Republican Representative Lincoln Diaz-Balart (Florida) is one of the staunchest congressional supporters of the U.S. trade embargo against Cuba. In a noon conference today, Diaz-Balart announced that he would not run again in his Florida election district: he will retire from politics and return to practicing law. In that context, he said, he would work to support Cuban migrants and political prisoners (he did not specify how). “I am convinced,” he said, “that in the upcoming chapter of the struggle, I can be more useful to the inevitable change that will soon come to Cuba, to Cuba’s freedom, as a private citizen dedicated to helping the heroes within Cuba.”
His Miami district, which is dominated by Cuban-Americans, is considered by many to be reliably Republican, which is perhaps why his brother Mario Diaz-Balart has already jumped into what was a very brief void. Mario, also a Republican Representative, will run for Lincoln’s seat in November. But the district delivered 49% of votes to Barack Obama during the 2008 election, so his ascension is far from given.

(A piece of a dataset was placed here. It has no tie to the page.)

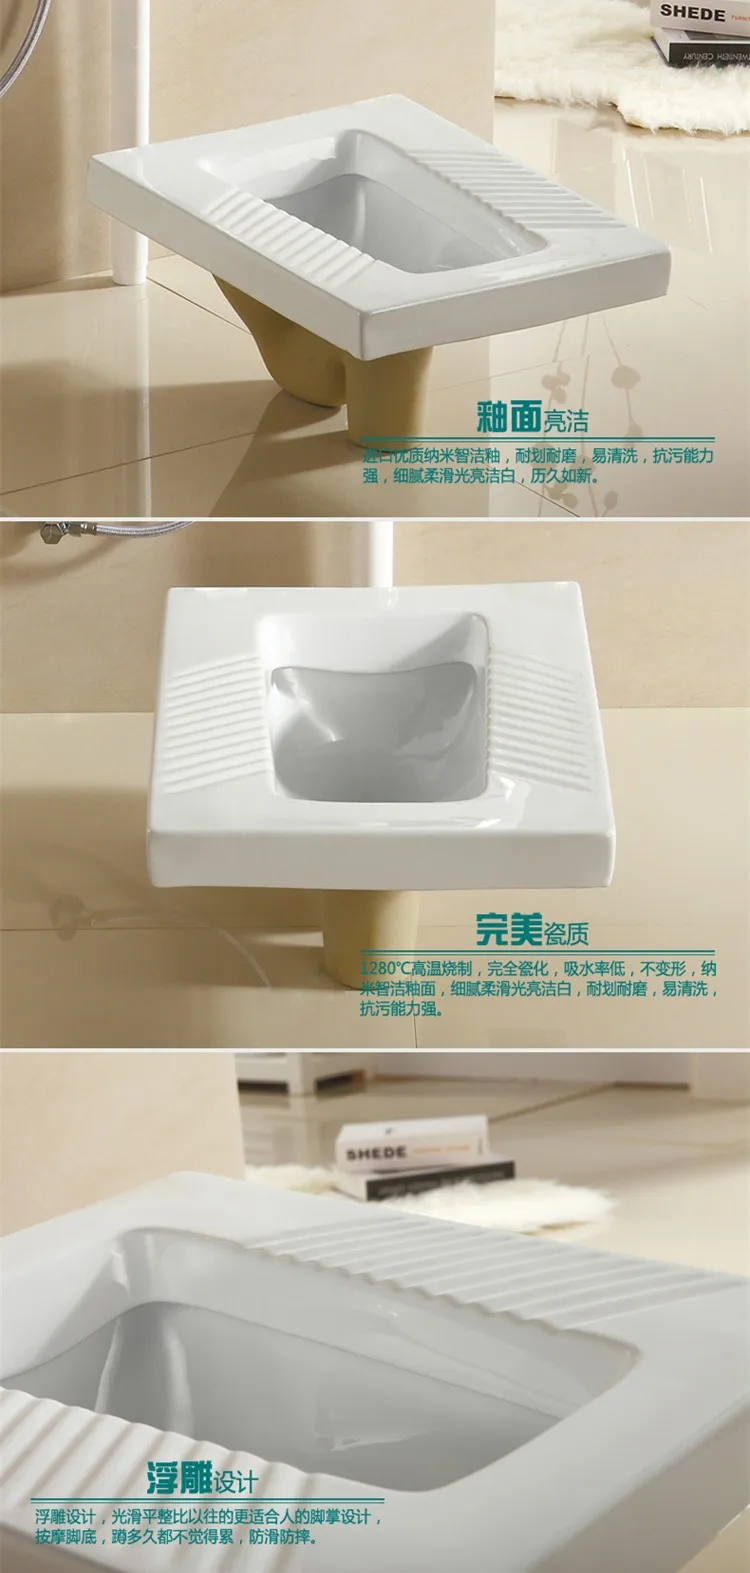 Bathroom ceramic squat toilet with flush

Lincoln Diaz-Balart has served nine terms in his 21st District seat, and is the 18th House Republican who will not seek reelection in November, but perhaps most importantly, he is a senior embargo supporter in Congress, and his absence will be felt in that group. In his announcement this afternoon, he trumpeted his own work to strengthen the embargo:
“One of the achievements of which I am most proud was the codification, the writing into U.S. law, of the U.S. embargo on the Castro dictatorship, and the law’s requirement that before any U.S. President can lift the embargo, all political prisoners must be freed, all political parties, labor unions and the press must be legalized, and free multiparty elections must be scheduled in Cuba.”
Democrats are channeling Joe Garcia into the 25th District that Lincoln’s brother Mario will depart—a district in which Garcia garnered 47% of the vote in the 2006 elections he lost to Mario—not half bad.